• [AVAILABLE DATA]:
================================

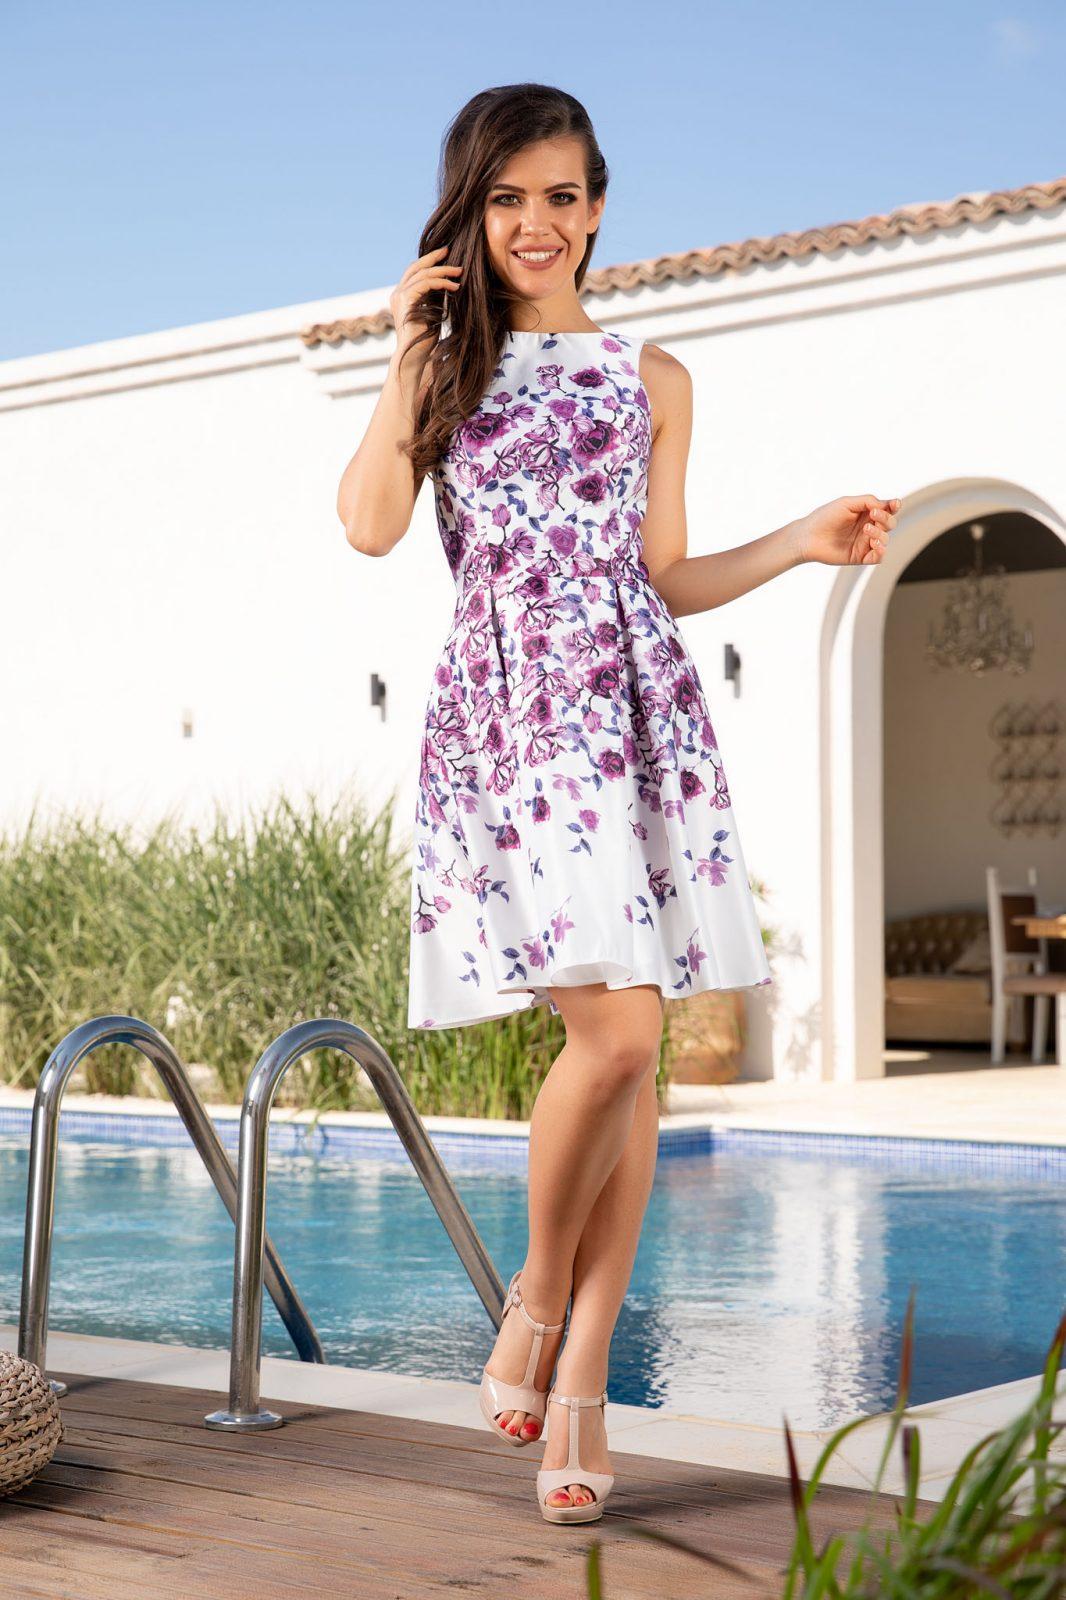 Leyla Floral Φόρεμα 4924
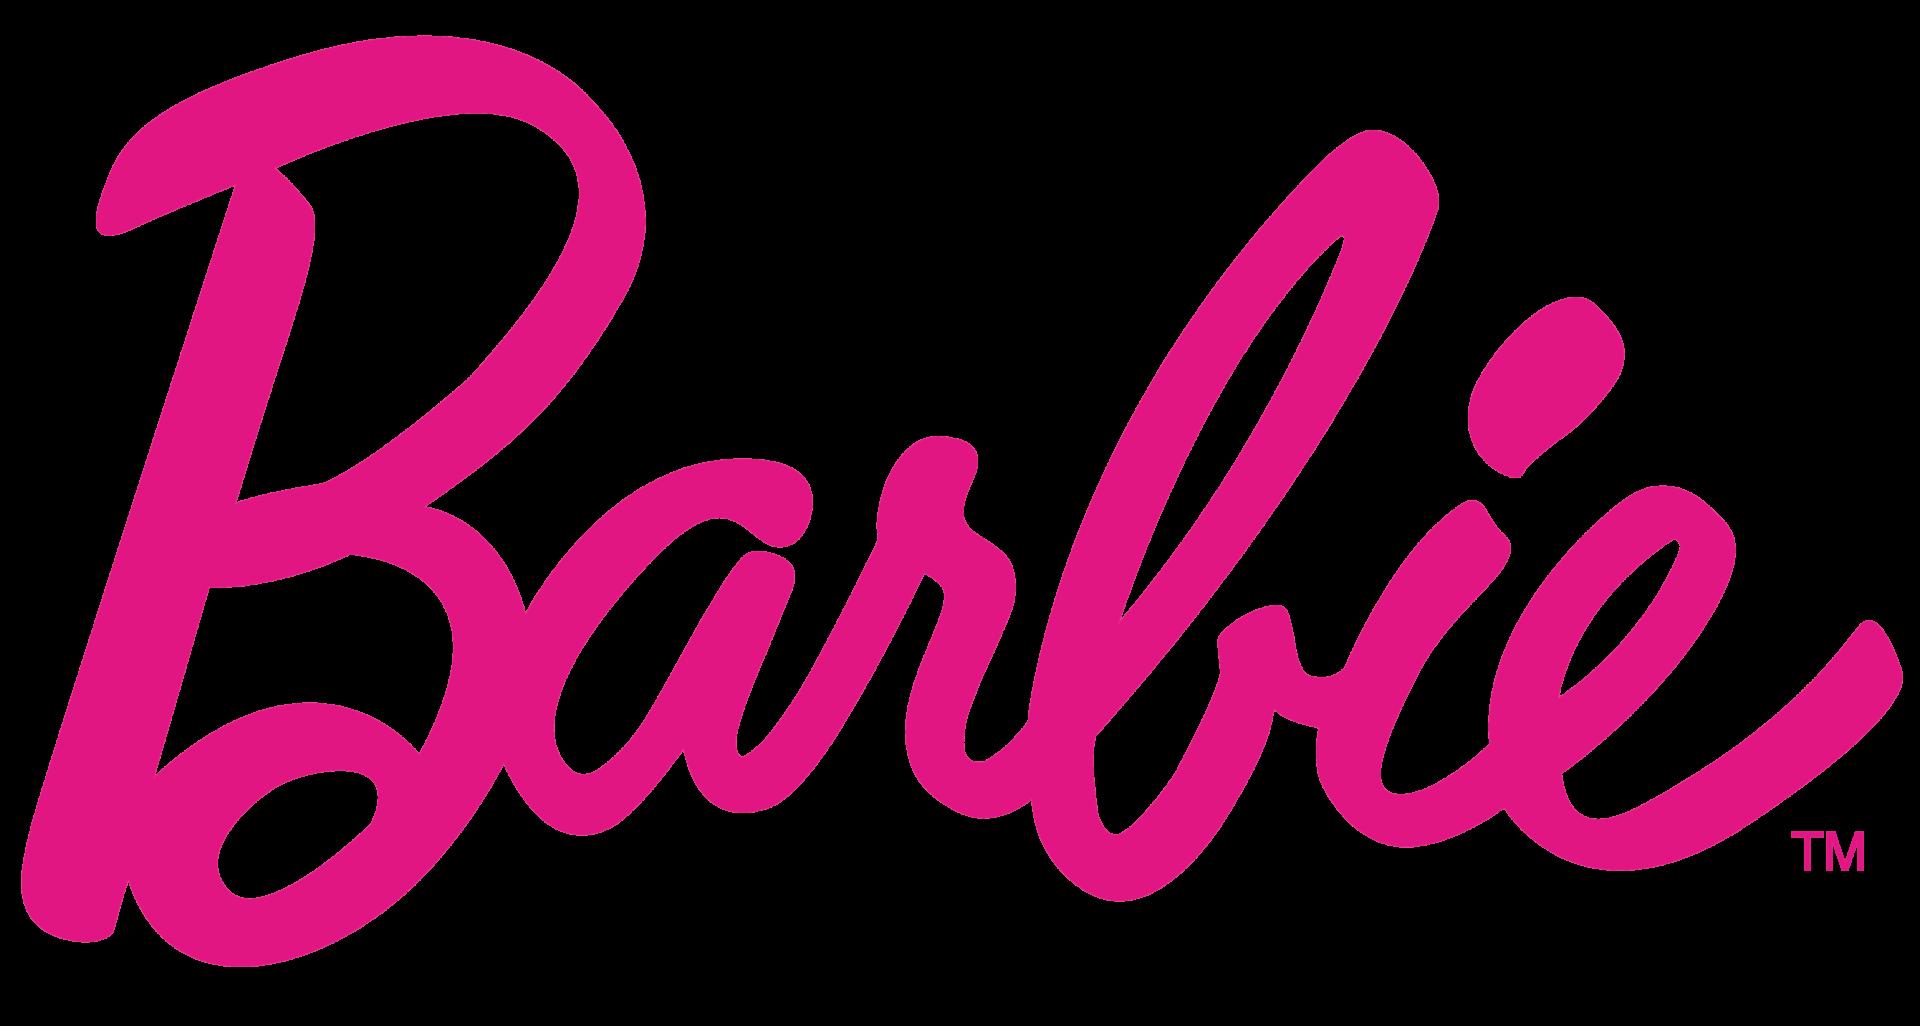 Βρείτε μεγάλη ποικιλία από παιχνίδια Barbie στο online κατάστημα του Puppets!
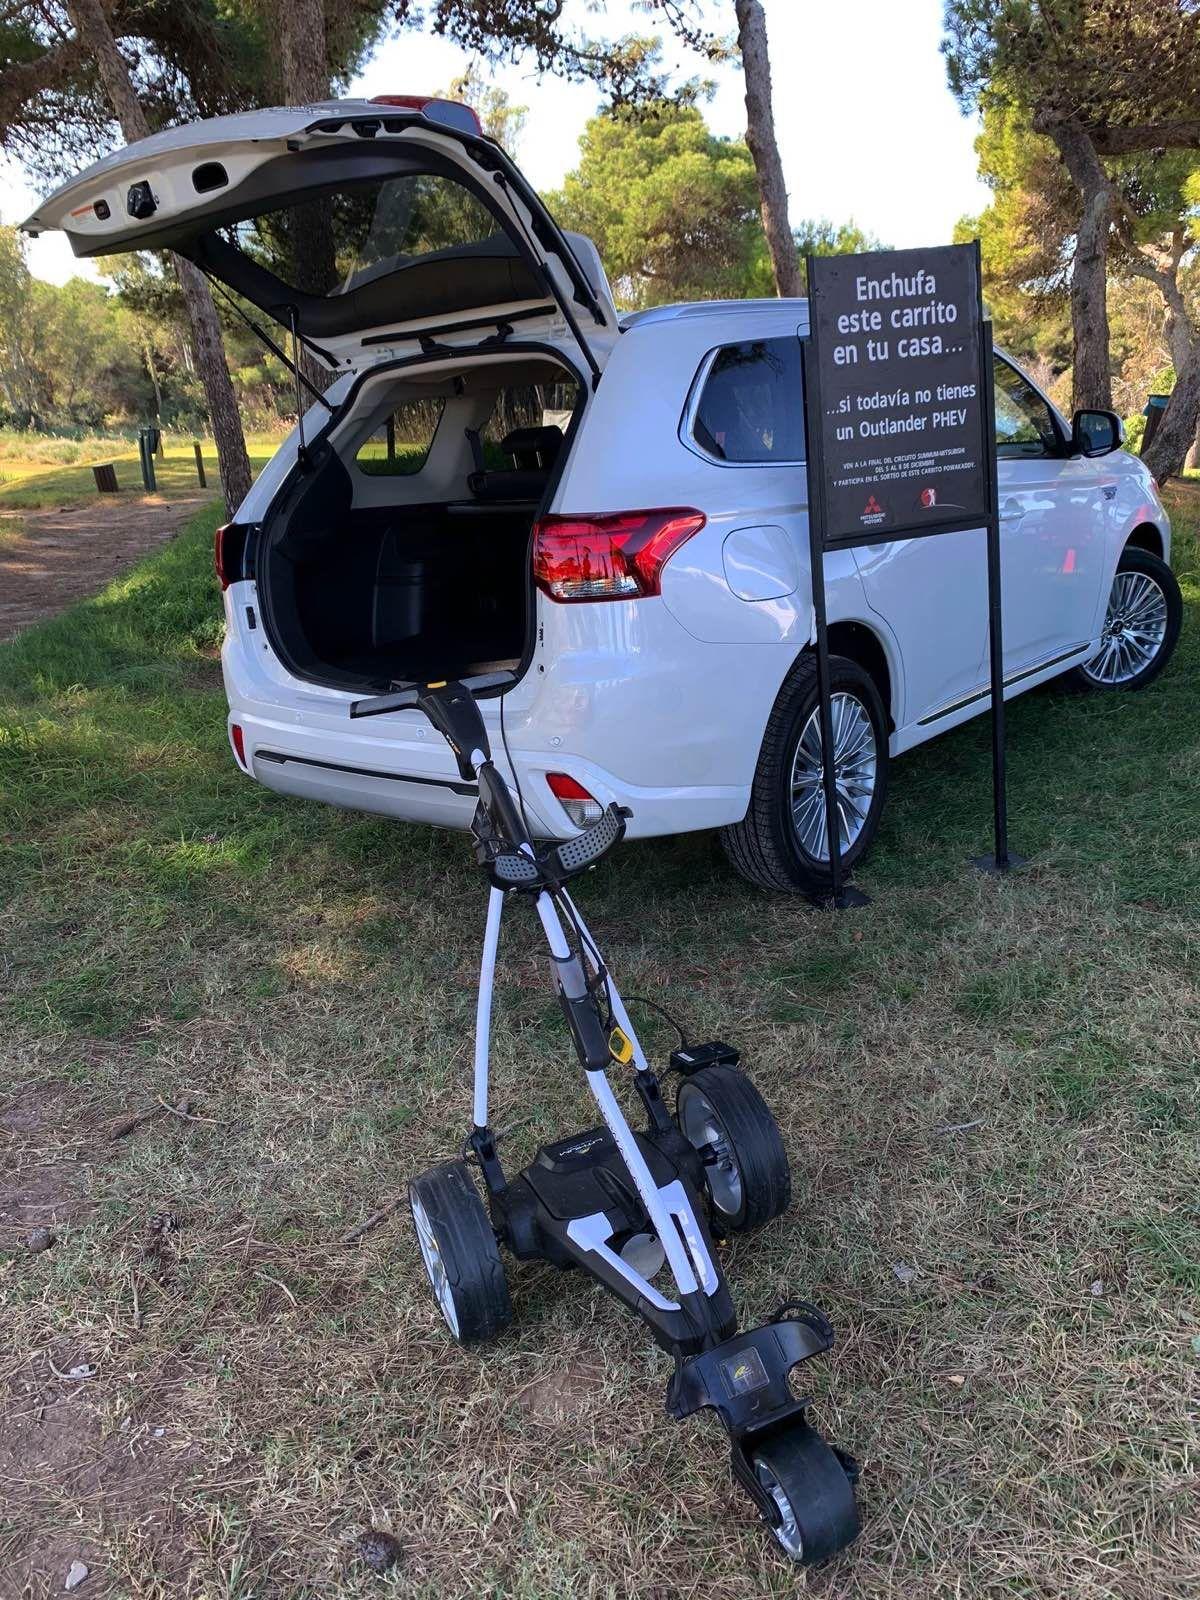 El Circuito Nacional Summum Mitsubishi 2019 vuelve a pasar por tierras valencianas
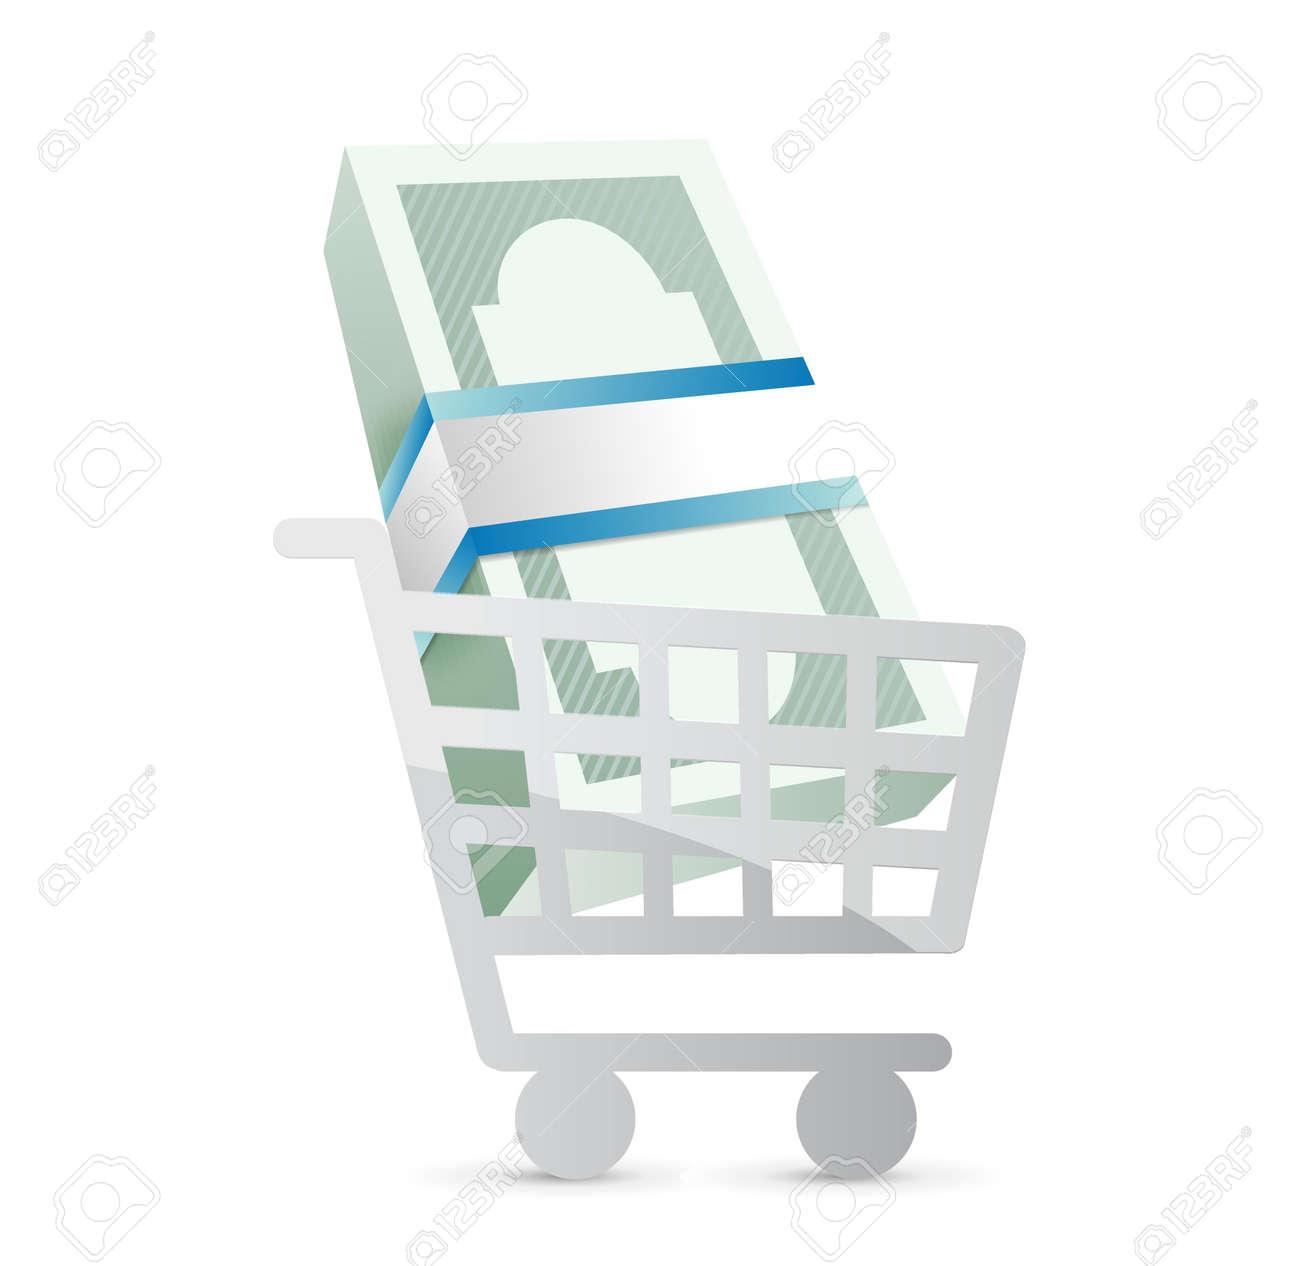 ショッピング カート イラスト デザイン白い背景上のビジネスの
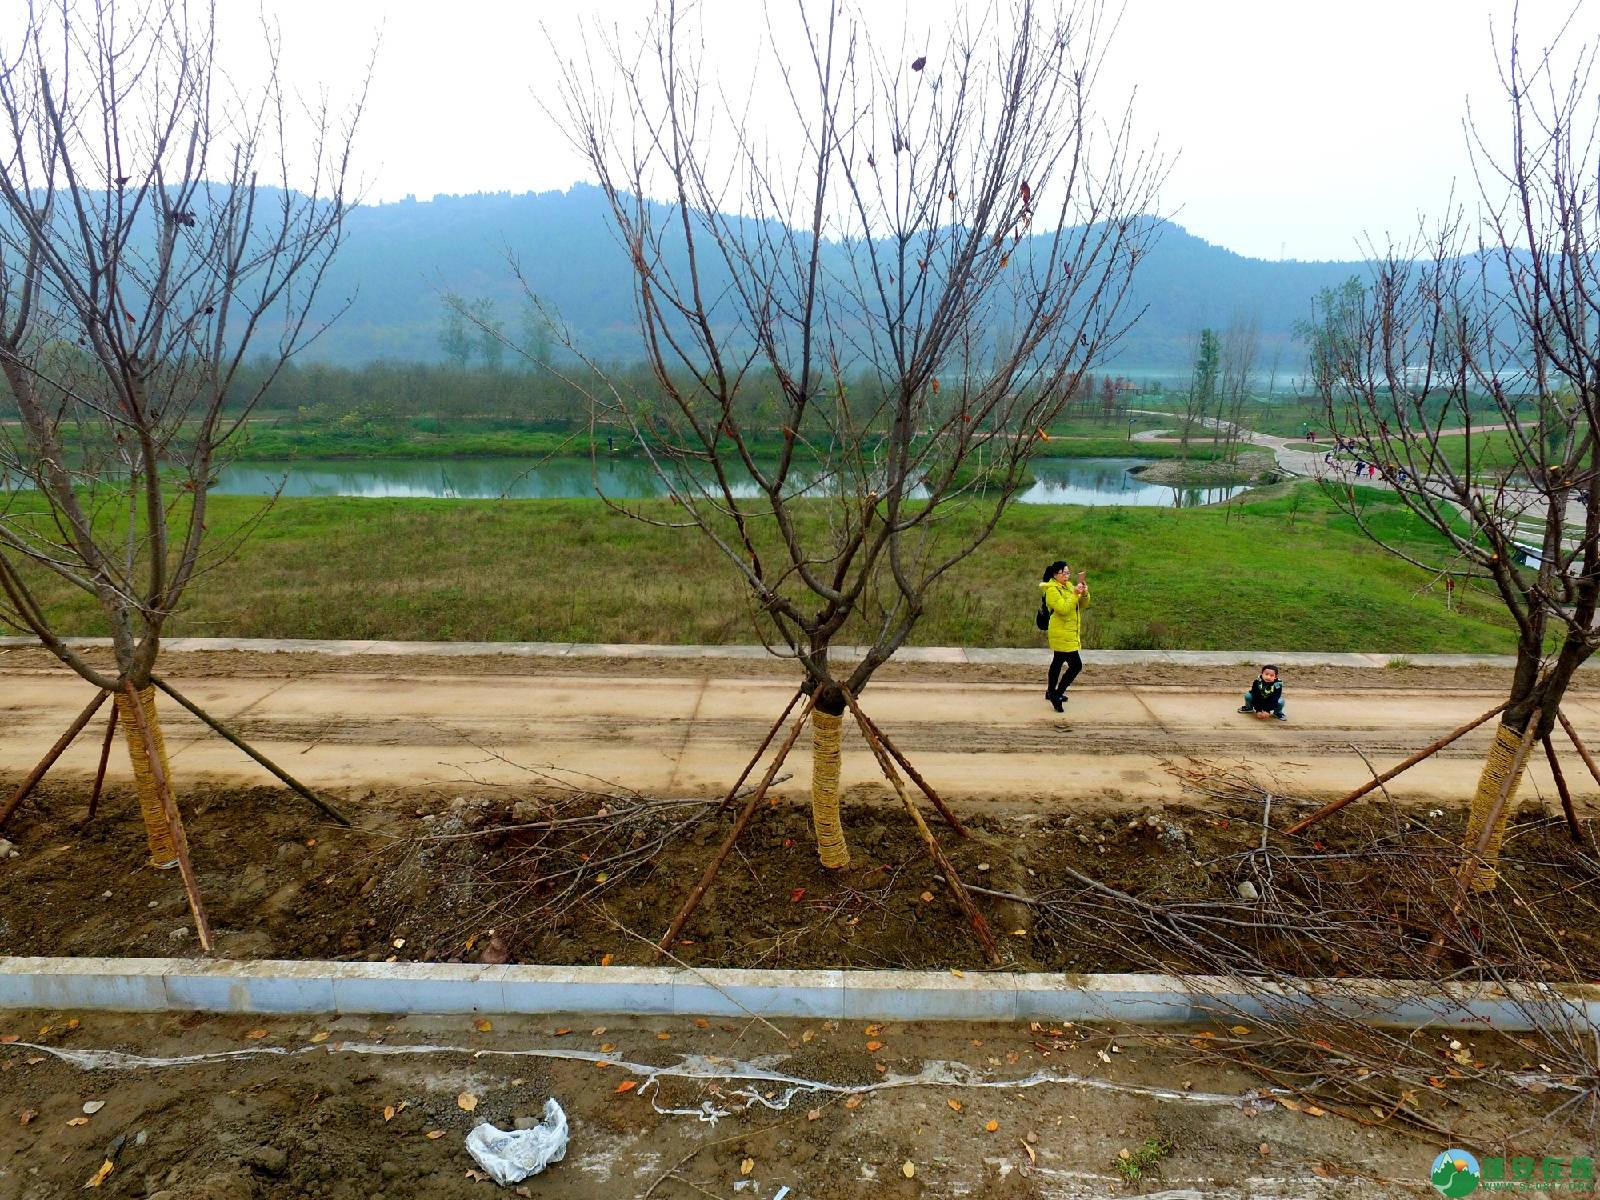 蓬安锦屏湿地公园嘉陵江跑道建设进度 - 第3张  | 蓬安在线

================================

Write out, exactly and only, the lines from the one containing "El Circuito Nacional" through the last line of the material above. Pictures do not go in the copy.

• [OUTPUT FOR THIS EXERCISE]:
 El Circuito Nacional Summum Mitsubishi 2019 vuelve a pasar por tierras valencianas
 ショッピング カート イラスト デザイン白い背景上のビジネスの
 蓬安锦屏湿地公园嘉陵江跑道建设进度 - 第3张  | 蓬安在线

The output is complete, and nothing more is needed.